## TASK TO CARRY OUT
Search the entries for the word "Pattern". Copy each line in which it is found.

[Start of Attachment]

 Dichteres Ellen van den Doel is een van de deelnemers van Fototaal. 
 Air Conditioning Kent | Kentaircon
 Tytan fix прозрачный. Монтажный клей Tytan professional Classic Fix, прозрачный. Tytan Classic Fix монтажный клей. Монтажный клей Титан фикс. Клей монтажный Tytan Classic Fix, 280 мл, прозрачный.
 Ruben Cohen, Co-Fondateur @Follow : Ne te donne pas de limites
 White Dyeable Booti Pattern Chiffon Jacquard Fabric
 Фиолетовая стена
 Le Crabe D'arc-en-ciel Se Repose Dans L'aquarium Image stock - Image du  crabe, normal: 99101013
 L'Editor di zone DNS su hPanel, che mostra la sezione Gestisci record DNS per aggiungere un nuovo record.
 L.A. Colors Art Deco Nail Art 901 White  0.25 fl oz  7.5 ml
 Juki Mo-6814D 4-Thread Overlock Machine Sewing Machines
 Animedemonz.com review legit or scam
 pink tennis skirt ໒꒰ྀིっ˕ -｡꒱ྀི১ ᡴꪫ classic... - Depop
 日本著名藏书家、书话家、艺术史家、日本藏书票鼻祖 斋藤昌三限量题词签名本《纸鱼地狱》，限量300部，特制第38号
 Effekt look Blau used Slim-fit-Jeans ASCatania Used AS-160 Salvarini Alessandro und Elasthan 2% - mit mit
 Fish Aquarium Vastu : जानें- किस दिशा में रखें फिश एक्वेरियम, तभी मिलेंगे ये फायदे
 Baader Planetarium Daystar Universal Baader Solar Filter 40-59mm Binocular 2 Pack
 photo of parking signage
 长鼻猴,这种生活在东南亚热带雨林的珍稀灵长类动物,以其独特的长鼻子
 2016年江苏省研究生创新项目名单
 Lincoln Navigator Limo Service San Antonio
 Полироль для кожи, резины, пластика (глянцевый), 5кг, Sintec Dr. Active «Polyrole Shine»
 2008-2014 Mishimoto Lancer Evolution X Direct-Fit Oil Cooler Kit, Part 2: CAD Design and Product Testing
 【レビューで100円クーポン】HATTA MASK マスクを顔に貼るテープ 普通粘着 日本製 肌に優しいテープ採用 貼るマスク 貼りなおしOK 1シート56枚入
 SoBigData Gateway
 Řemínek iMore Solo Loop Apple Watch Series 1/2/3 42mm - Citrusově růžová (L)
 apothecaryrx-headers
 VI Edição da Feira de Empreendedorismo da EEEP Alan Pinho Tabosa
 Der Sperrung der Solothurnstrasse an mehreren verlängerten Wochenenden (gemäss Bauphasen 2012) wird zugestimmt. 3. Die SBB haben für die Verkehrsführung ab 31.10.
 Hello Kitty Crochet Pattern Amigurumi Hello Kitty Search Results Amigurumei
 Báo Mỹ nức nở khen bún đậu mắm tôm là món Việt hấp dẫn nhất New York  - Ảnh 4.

[End of Attachment]

## SOLUTION TO THIS TASK
 White Dyeable Booti Pattern Chiffon Jacquard Fabric
 Hello Kitty Crochet Pattern Amigurumi Hello Kitty Search Results Amigurumei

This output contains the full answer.